The most common complication of influenza is pneumonia, and influenza is the most serious form of pneumococcal pneumonia. Pneumococcal has an important synergistic lethal effect in influenza-related deaths. Other studies have confirmed that about 50% of patients who died of pneumonia in the 1918 influenza pandemic had pneumococcal bacteremia.
Other types of pneumonia: bacterial pneumonia, fungal pneumonia; other viral pneumonia (rhinovirus, coronavirus, respiratory syncytial virus, parainfluenza virus)
It often occurs after influenza in children. It is characterized by swelling of the calf or thigh, severe pain and tenderness in the muscles, and the symptoms are relieved automatically after one week. The disease is related to the spread of influenza A and B viruses, sporadic infections or parainfluenza virus infections.

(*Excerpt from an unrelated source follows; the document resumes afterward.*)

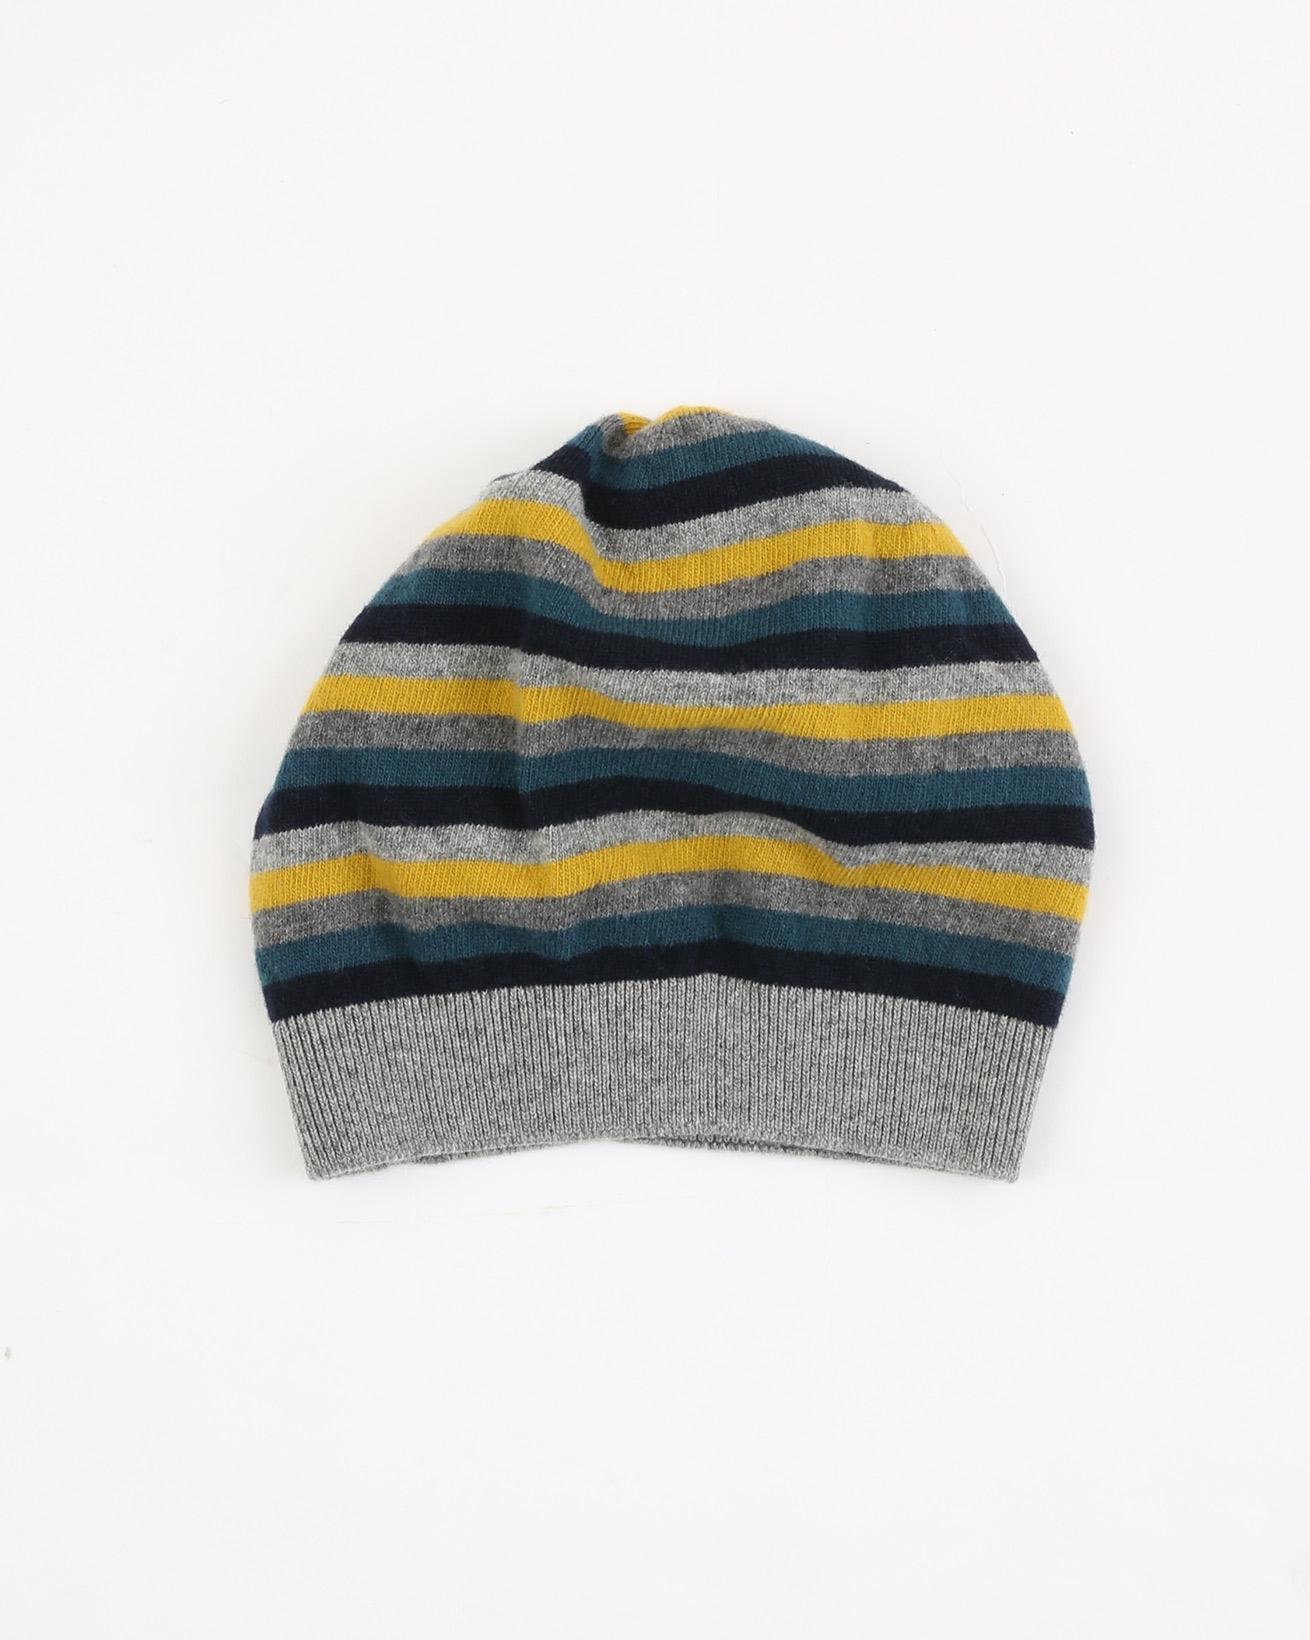 Multi Stripe Hat - One Size - Gorse/Navy - 1884

Haemophilus influenzae meningitis is a serious disease that jeopardizes children's health. Haemophilus influenzae is one of the main pathogens of bacterial meningitis in children worldwide, and it has the characteristics of high incidence rate and high disability rate. The age of onset of H1 meningitis is younger, and the high-risk age group is from August to 4 years old, especially under 2 years old. This is related to the characteristics of humoral immunity in children during this period.
People at higher risk of developing flu complications include:
The diagnosis of influenza disease is generally based on etiology, clinical presentation and laboratory examination.

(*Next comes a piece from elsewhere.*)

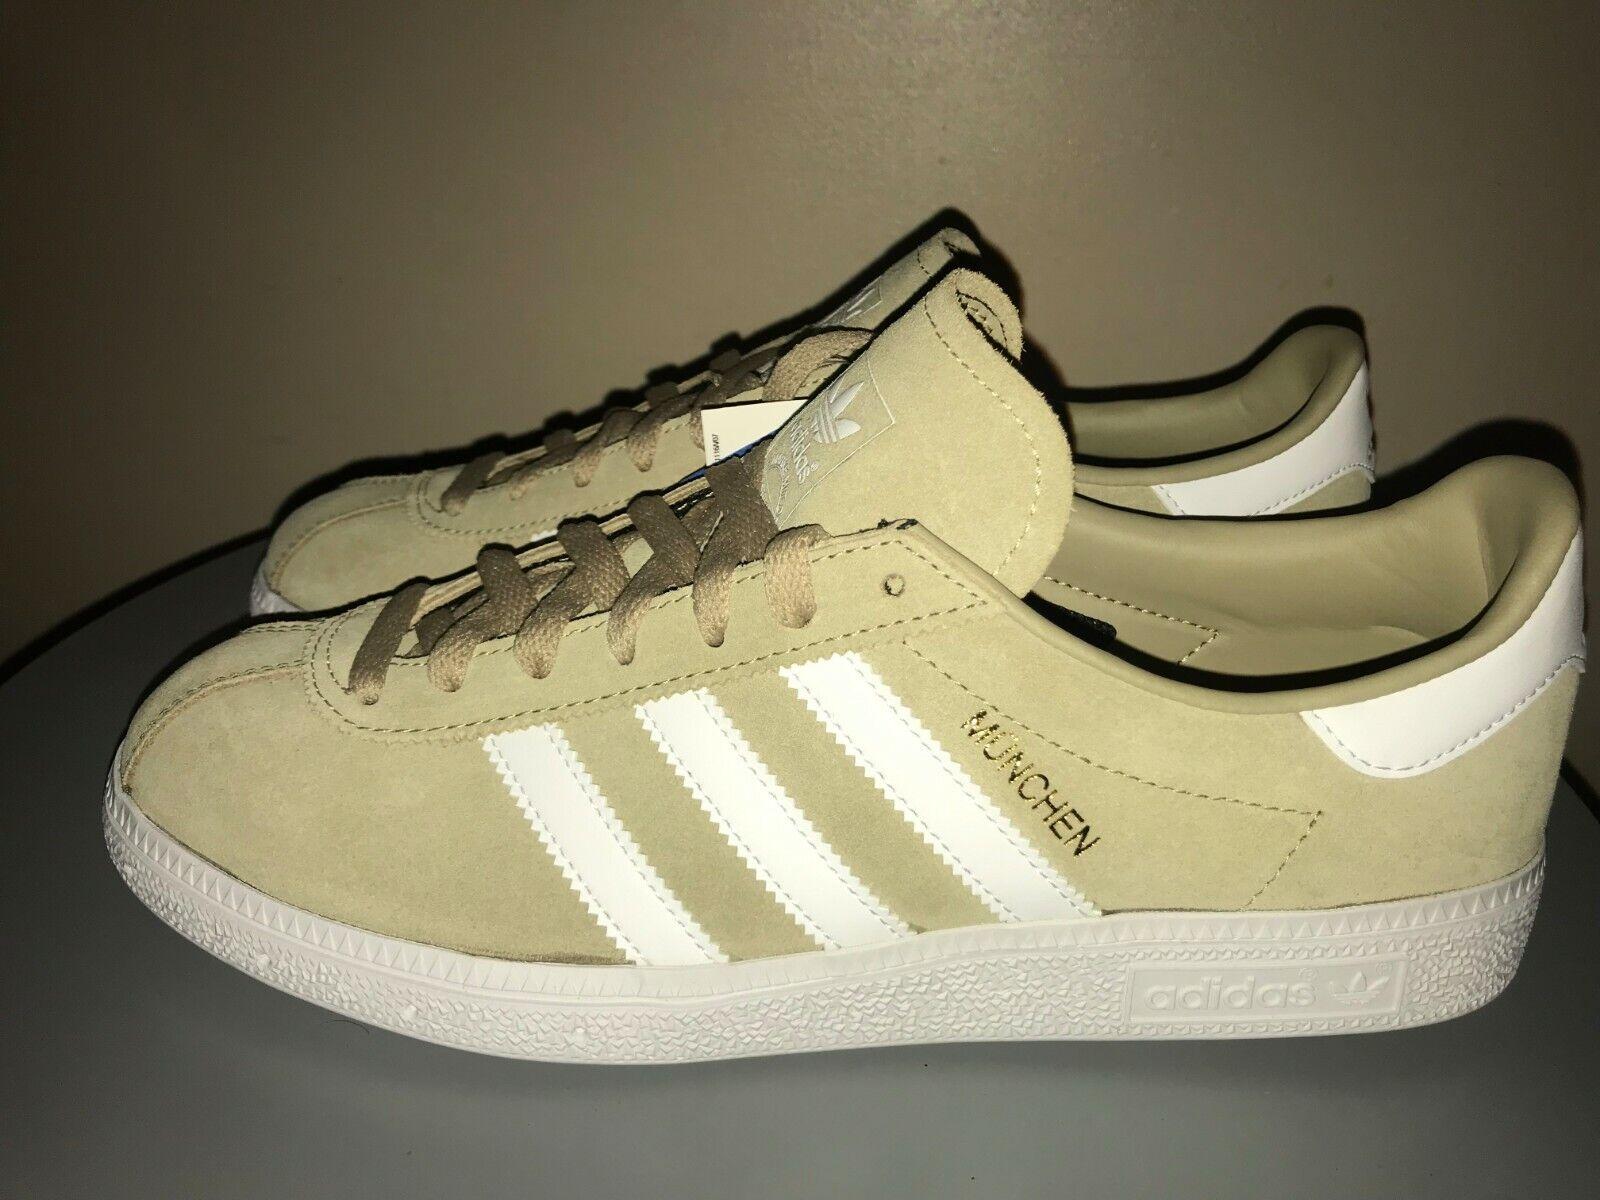 e5ceafc6ff137 Adidas Men s retro MUNCHEN Trainers Sneakers New Khaki USA 8.5 ...

Flu is highly capable of being transmitted from person to person, and it is more important to actively prevent and control than limited effective treatments.
Vaccination is considered the most effective way to prevent influenza. The centers for disease control and prevention (CDC) recommends everyone six months or older get a flu shot. The annual seasonal flu vaccine contains protection from three or four flu viruses that are expected to be the most common during the flu season that year. The best time to get a flu shot is before the start of the annual flu season.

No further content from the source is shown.